This morning I went to Oxford to meet up with a prospective client. He had emailed last week, after being given our details by someone I used to work with (as in so many areas, while you do need to know things, it’s also incredibly useful to know someone, as well), to see if I could come and have a chat.
I wasn’t about to say no to the possibility of lots (or even some) work, but my first instinct was to take Eleanor with me, and bring Chris or my mum to push her round/sit in a cafe with her while I was in the actual meeting. That’s what I would have done three years ago. There is no way that I would have considered going as far as Oxford, or even Cheltenham, without Rosemary when she was 5 weeks old. Because I was a new mum and panicked about everything. I didn’t let anyone else take Rosemary out in her buggy without me until she was six months, so I would hardly have gone off
gallivantingworking for half a day.
But… I realised, last week, that I didn’t technically need to bring Eleanor along. She takes a bottle with no problem and tends to have some formula every day. I’d be able to feed her in the morning, then again when I got back. It’s even possible she wouldn’t need any more in between. And then I realised that I was a lot more laid back this time round – we often leave Eleanor alone when she’s sleeping (with the baby monitor on), we will let her cry for a bit (while getting the warm water for a nappy change, in her buggy while putting Rosemary’s coat on, etc.) rather than picking her up the very second she opens her mouth – and that I’d probably be OK to leave her for the 6.5 hours that I would be gone from the house.

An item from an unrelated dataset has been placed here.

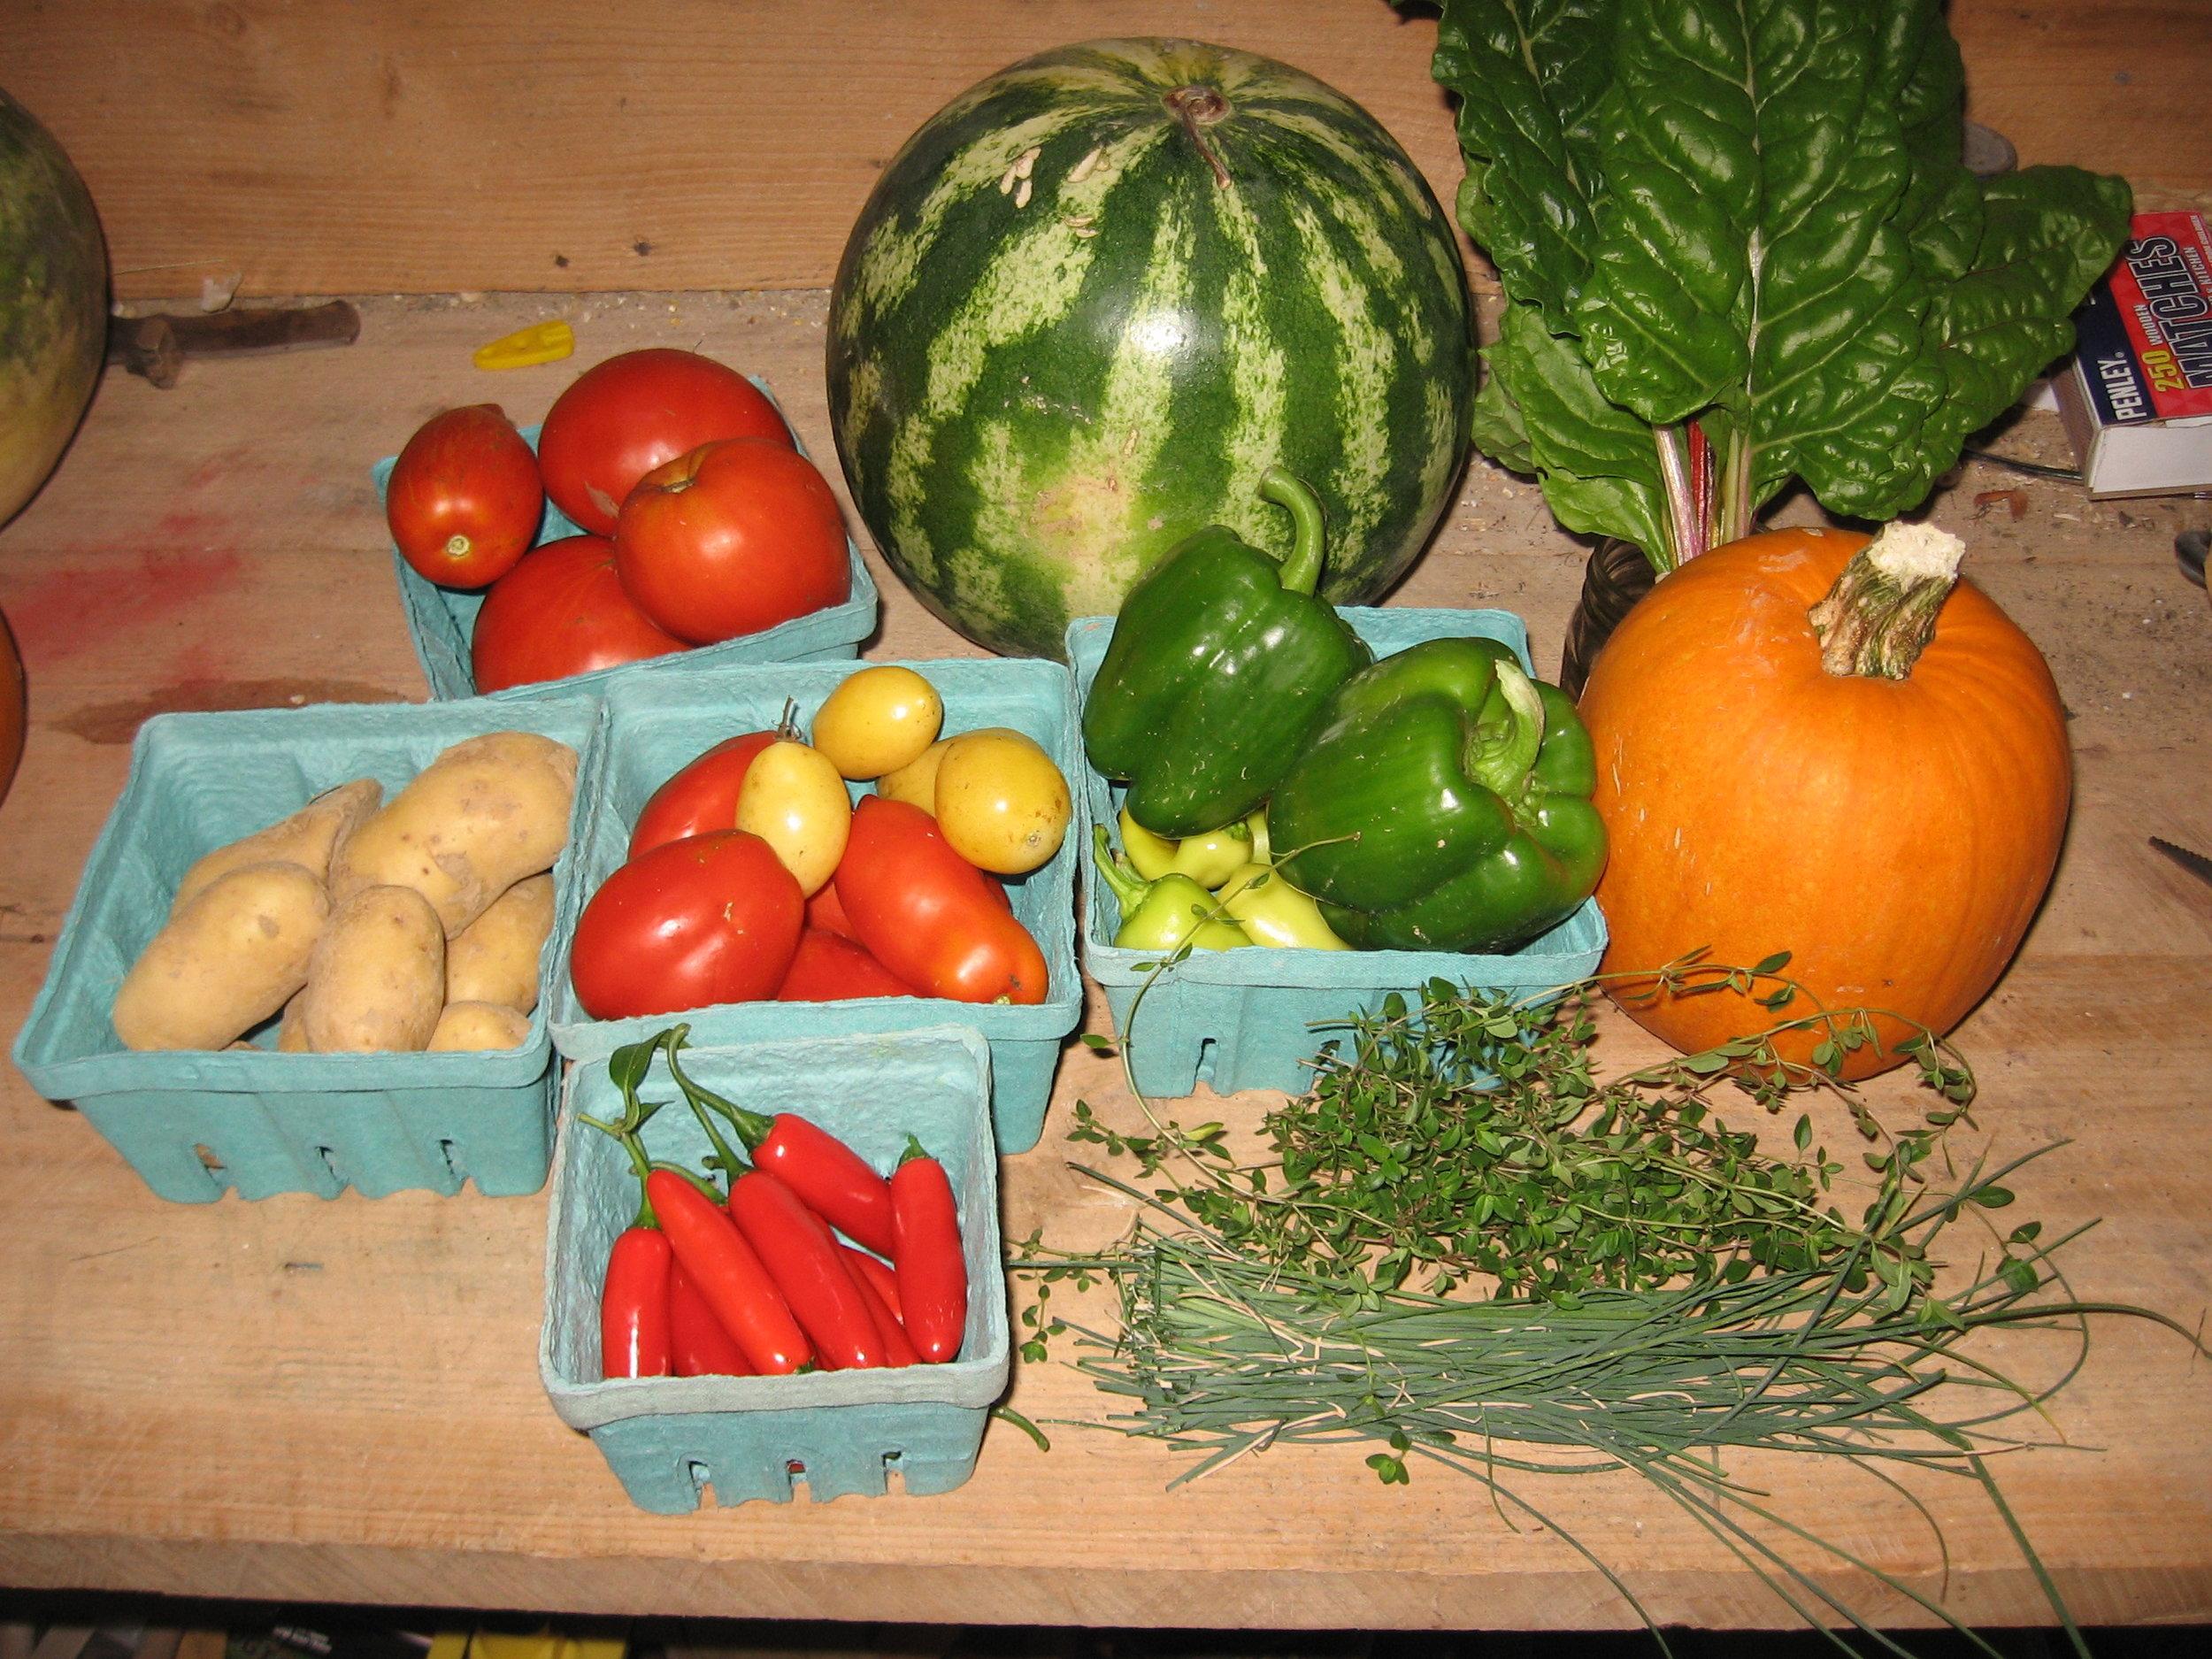 Fresh grown organic produce tastes the best!

And I was OK. In fact, I really enjoyed it. It was a beautiful day, which probably helped. I played my new DS game on the way there and read my book on the way back. I had a latte and pain au chocolate in the morning and a brie, tomato and basil baguette and bottle of coke on the way back. I eavesdropped on conversations on the train – such fun. I walked through an area of Oxford I love, where I used to live and where I would love to live again some day. I wore make-up and smart clothes – well, actually, I wore the same clothes I wear all the time, because they’re comfortable and, well, they fit. Oh yes, and the meeting went very well and looks like it should lead to a fair bit of work in the coming months.
On the way back, I had a bit of a revelation. It struck me that I could actually cope with going out to work. I’m very happy doing what I’m doing, of course, and working from home works really well for us. But occasionally I’ll leaf through the Guardian or Bookseller job pages and might light on a job that would actually be perfect for me. And then I think there’s no point in even considering it, because I couldn’t possibly work away from home. That’s not who I am. But, you know, maybe that could be me. If the right job came up.
Of course, the right job would need to pay something in the region of £100,000, so that Chris could be a stay-at-home dad and a really nice house, allow me to work flexitime, so I wouldn’t miss breakfast and dinner with my girls, allow me time off in the school holidays, so I could spend lots of time with my girls, be located within a 45-minute public transport commute (or somewhere we would happily move to), and be something that would engage and challenge me and allow me to use my creativity and not make me to take orders from too many people…
But the important thing is that I know I could do it. Even more important (and fortunate) is that I don’t have to.
What about you? Could you do it? Do you already? Have you become more laid back with your second child? Would you like to go out to work and have your partner stay at home?